I'm reading the Execution Context / Lexical Environment section of the ECMA 262 5 specification. It states the following: (emphasis added)
A Lexical Environment is a specification type used to define the association of Identifiers to specific variables and functions based upon the lexical nesting structure of ECMAScript code. A Lexical Environment consists of an Environment Record and a possibly null reference to an outer Lexical Environment. Usually a Lexical Environment is associated with some specific syntactic structure of ECMAScript code such as a FunctionDeclaration, a WithStatement, or a Catch clause of a TryStatement and a new Lexical Environment is created each time such code is evaluated.

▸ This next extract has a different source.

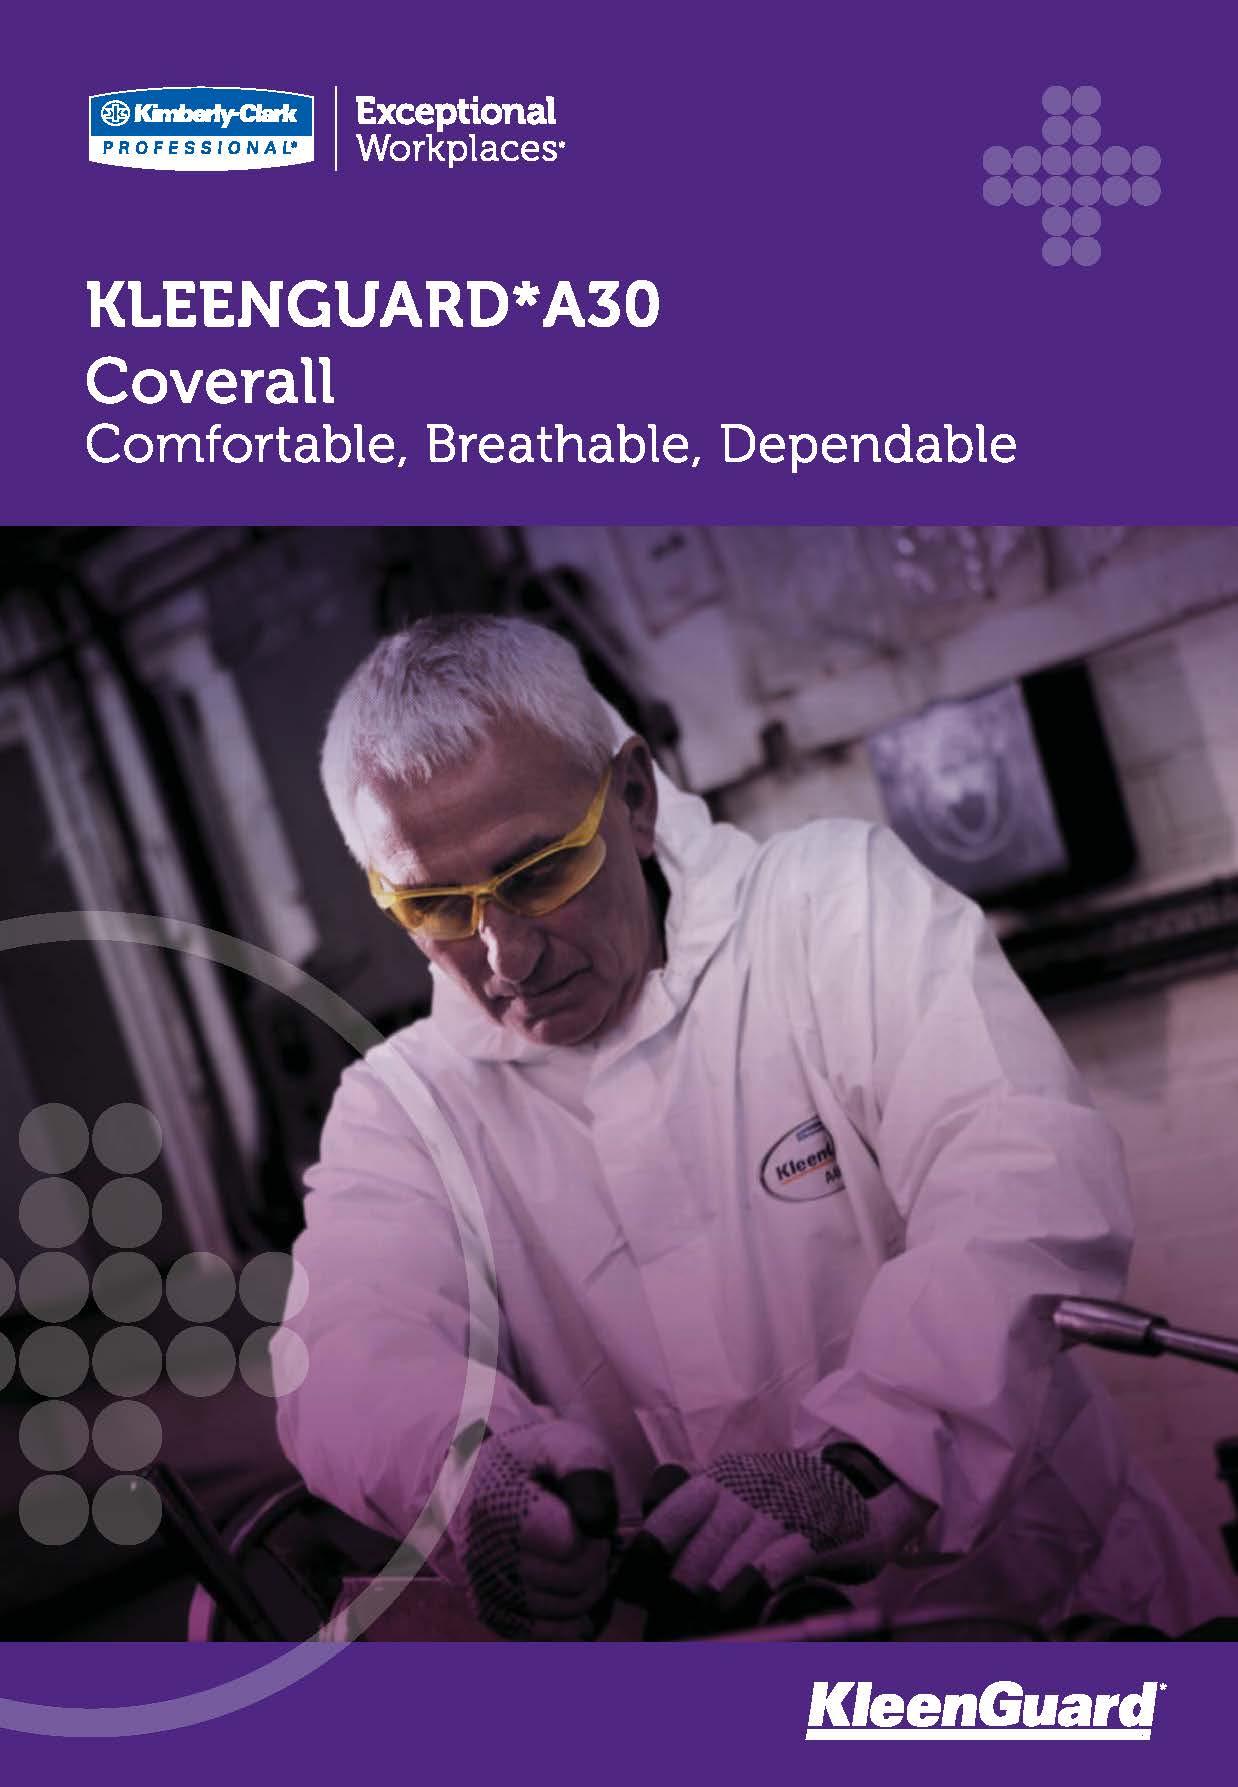 KLEENGUARD* A30 Comfortable, Breathable, Dependable

I noticed that it says nothing about creating a lexical environment for Function Expressions. Is a lexical environment created for function expressions, or is one created only for function declarations? Am I missing something?
Edit: I notice that function code will have its own execution context, which is why I'm also confused why function expression is not mentioned in the lexical environment section.
Yes, every function gets (§10.4.3) its own ExecutionContext
when it is called (§13.2.1). That new context is initialised with a new LexicalEnvironment
(created by NewDeclarativeEnvironment
, §10.2.2.2), deriving from the [[Scope]]
of the function - i.e. the LexicalEnvironment
it was declared/"expressed" in (§13).
As @Pointy pointed out, the sentence you stumpled upon does not exhaustively list them: "…some [structure] such as…".